SOURCE MATERIAL:

"""

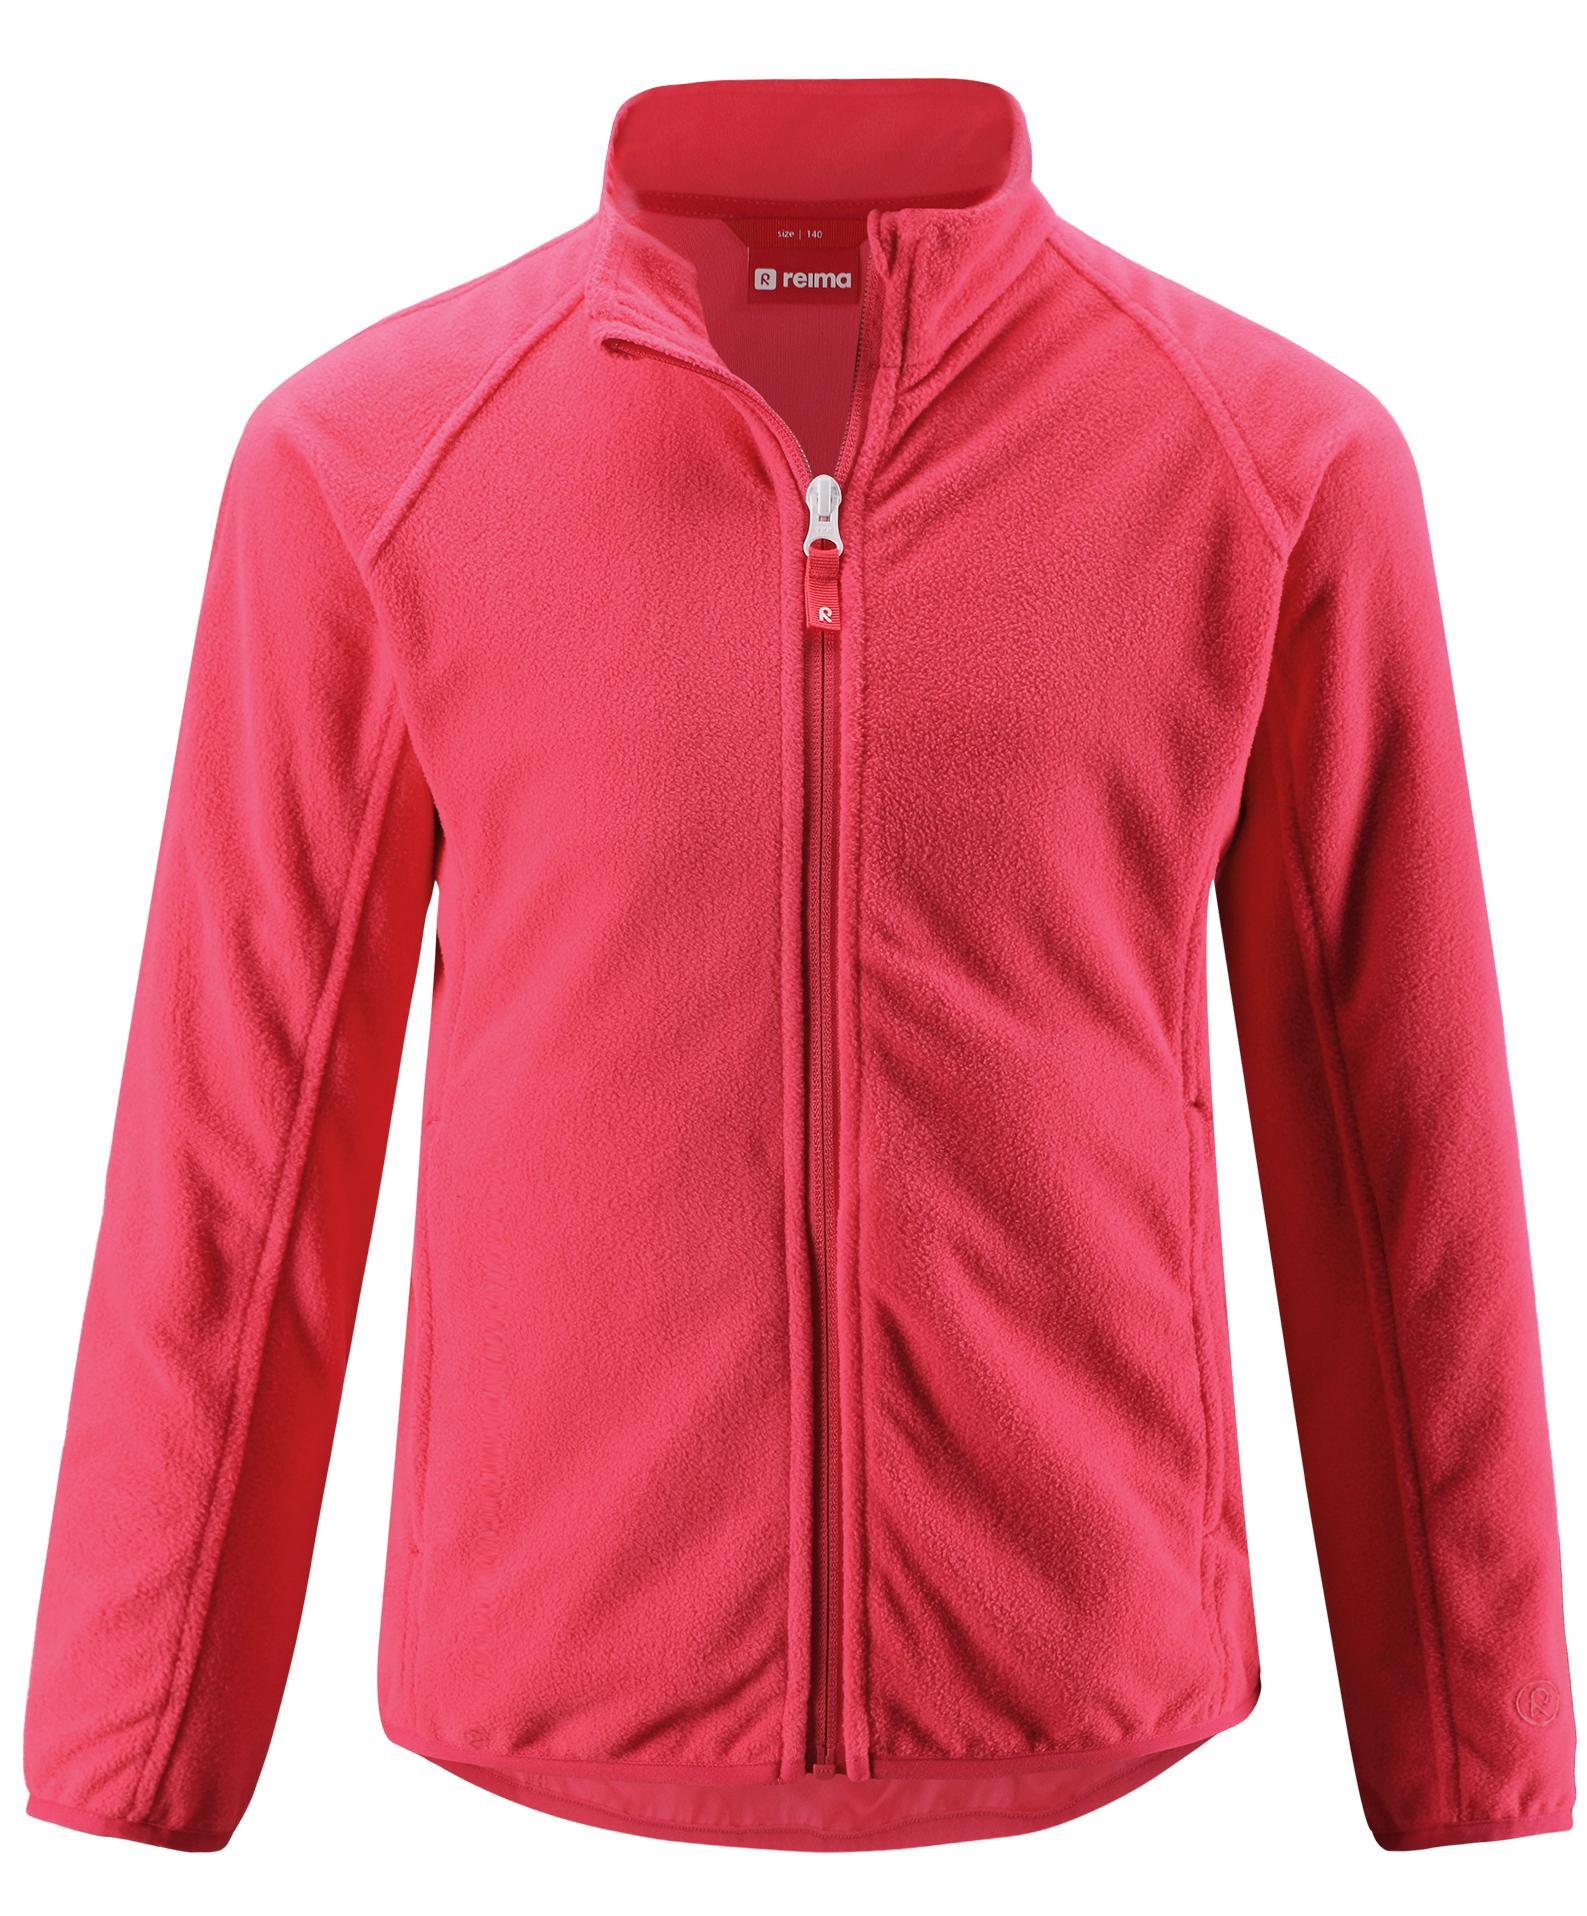 Флис горнолыжный Reima 2018-19 Alagna STRAWBERRY RED, Куртки из Polartec и флиса - арт. 1117600330
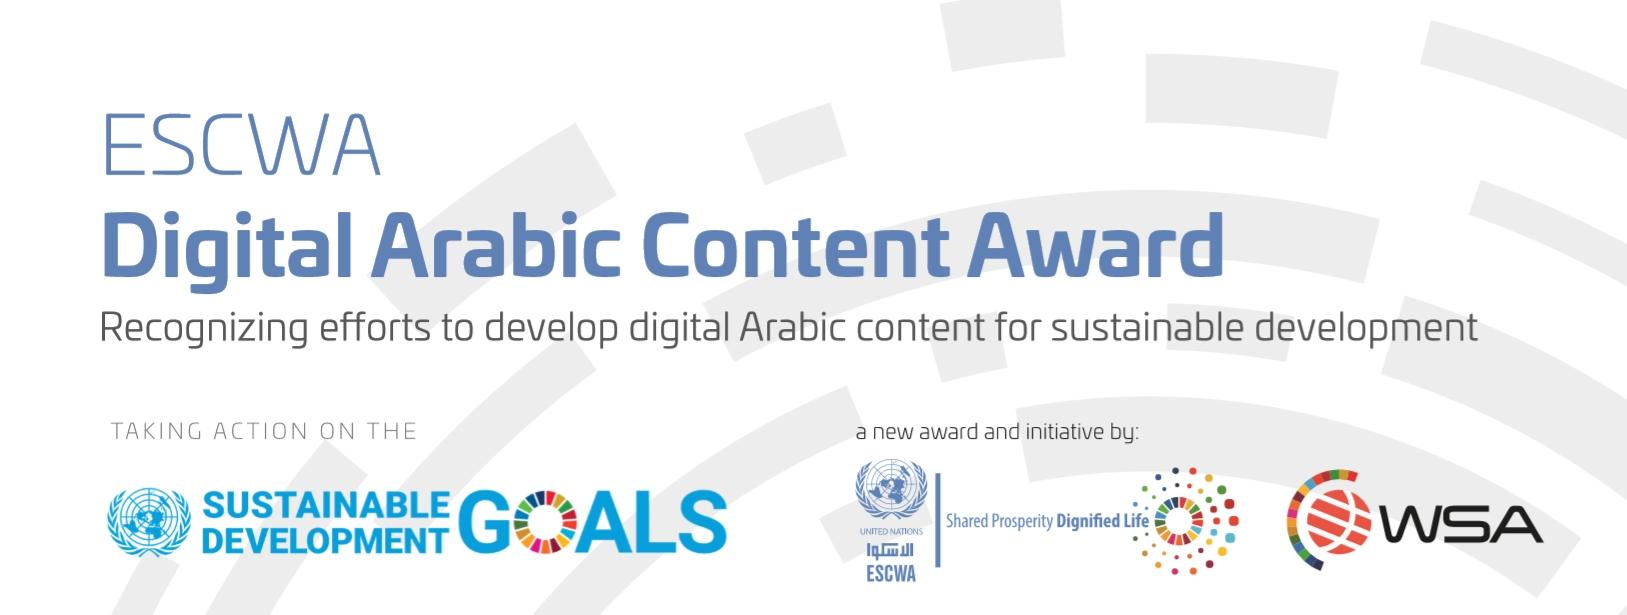 جائزة الإسكوا للمحتوى الرقمي العربي
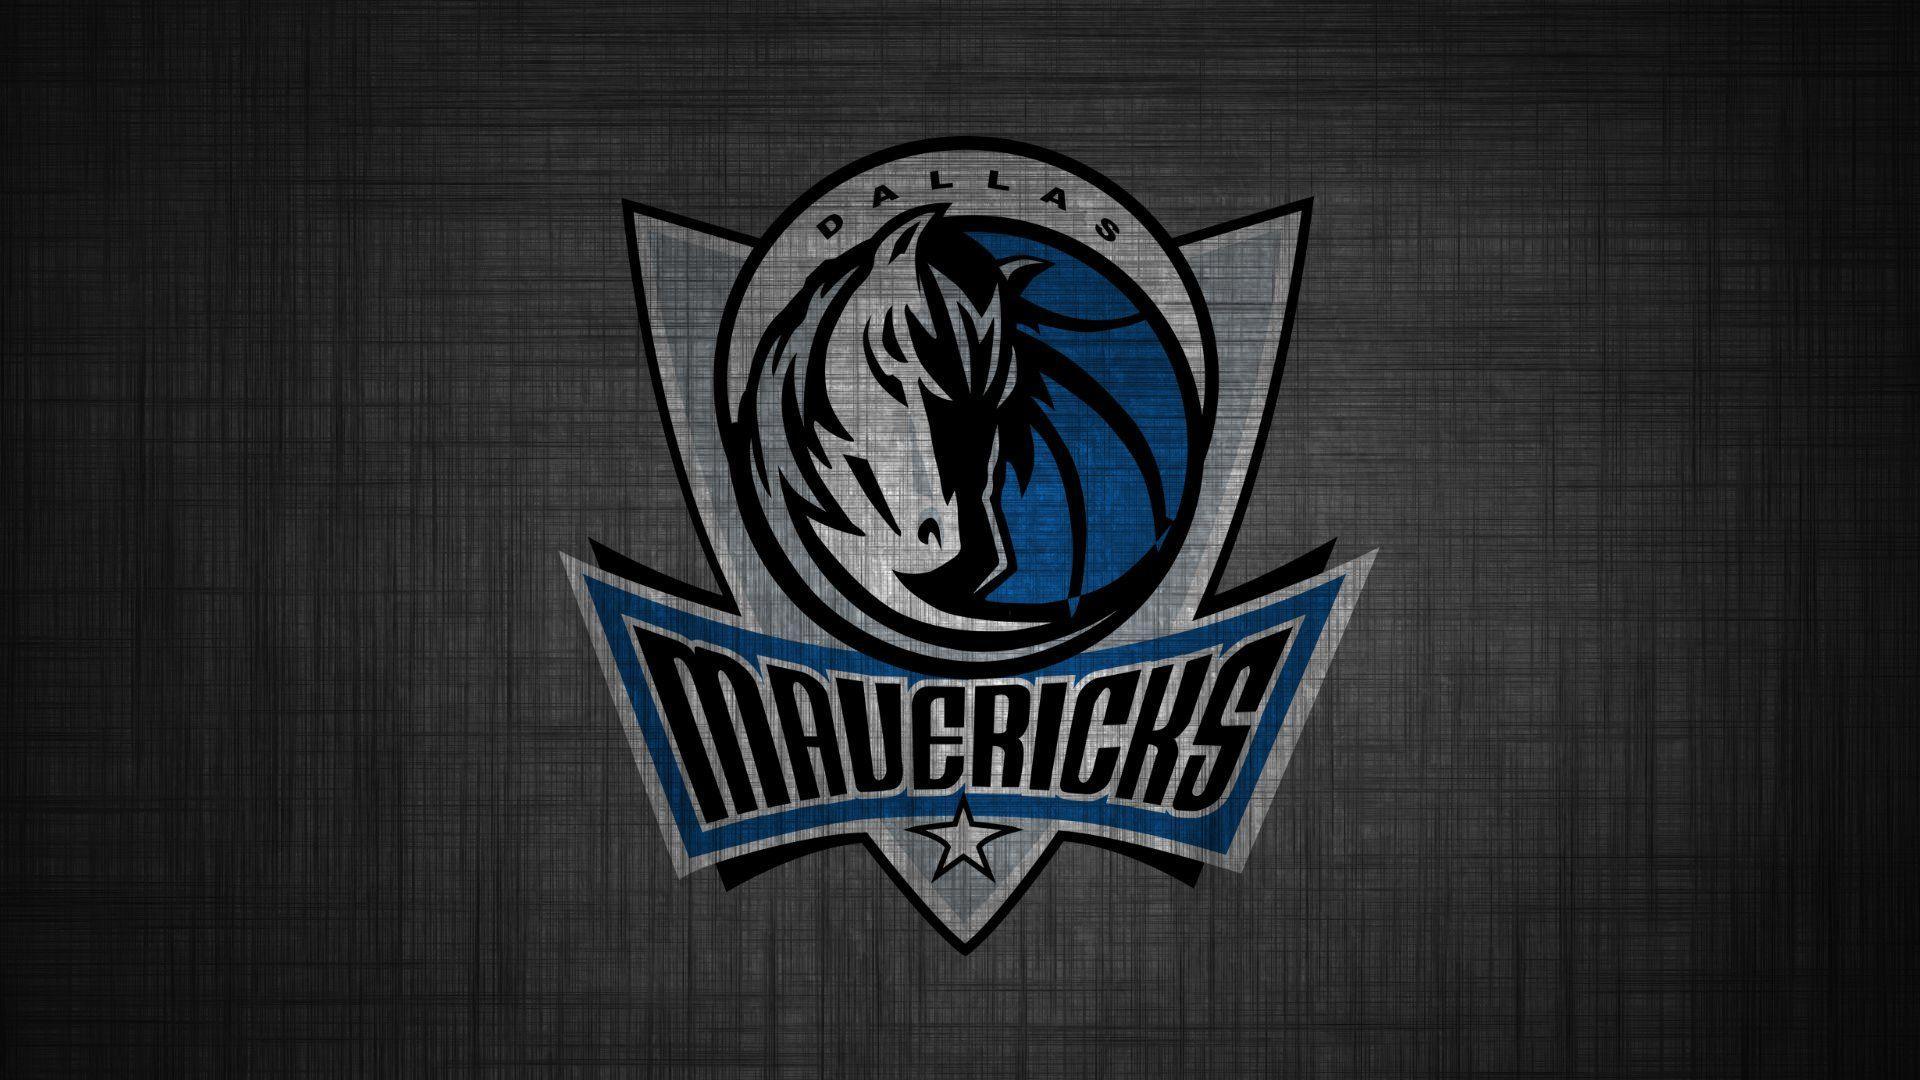 [48+] Dallas Mavericks Desktop Wallpaper on WallpaperSafari |Dallas Mavericks Wallpapers
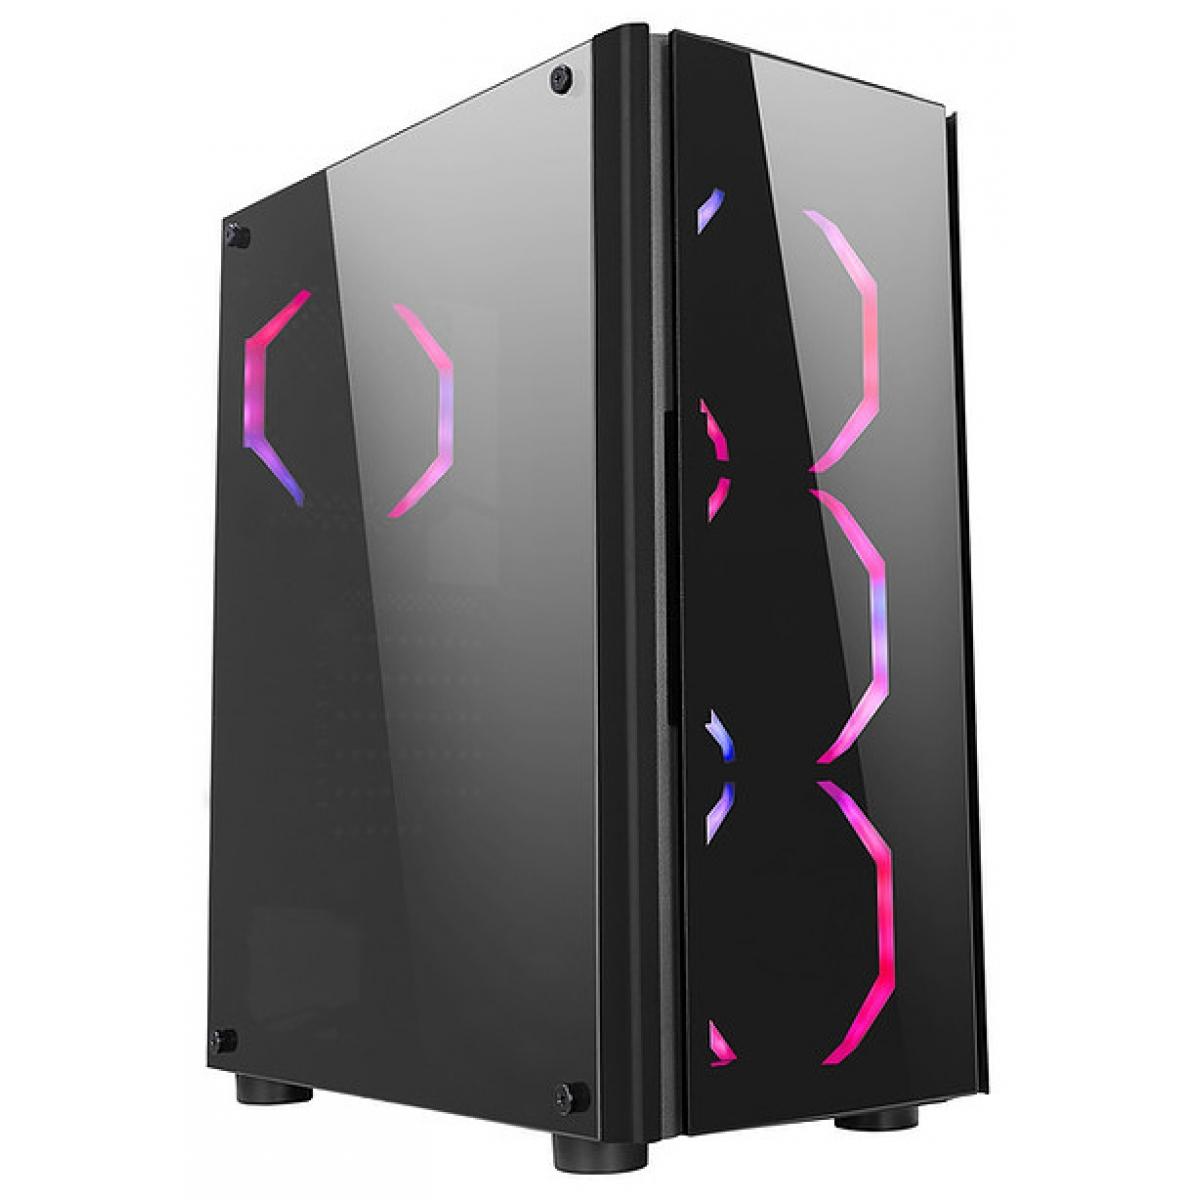 Gabinete Gamer liketec Streamer RGB, Mid Tower, com 3 Fan, Vidro Temperado, Black, S-Fonte

"""

EXERCISE: Output the listing above in full and exactly, with pictures excluded.

YOUR RESPONSE:
 Флис горнолыжный Reima 2018-19 Alagna STRAWBERRY RED, Куртки из Polartec и флиса - арт. 1117600330
 جائزة الإسكوا للمحتوى الرقمي العربي
 [48+] Dallas Mavericks Desktop Wallpaper on WallpaperSafari |Dallas Mavericks Wallpapers
 Gabinete Gamer liketec Streamer RGB, Mid Tower, com 3 Fan, Vidro Temperado, Black, S-Fonte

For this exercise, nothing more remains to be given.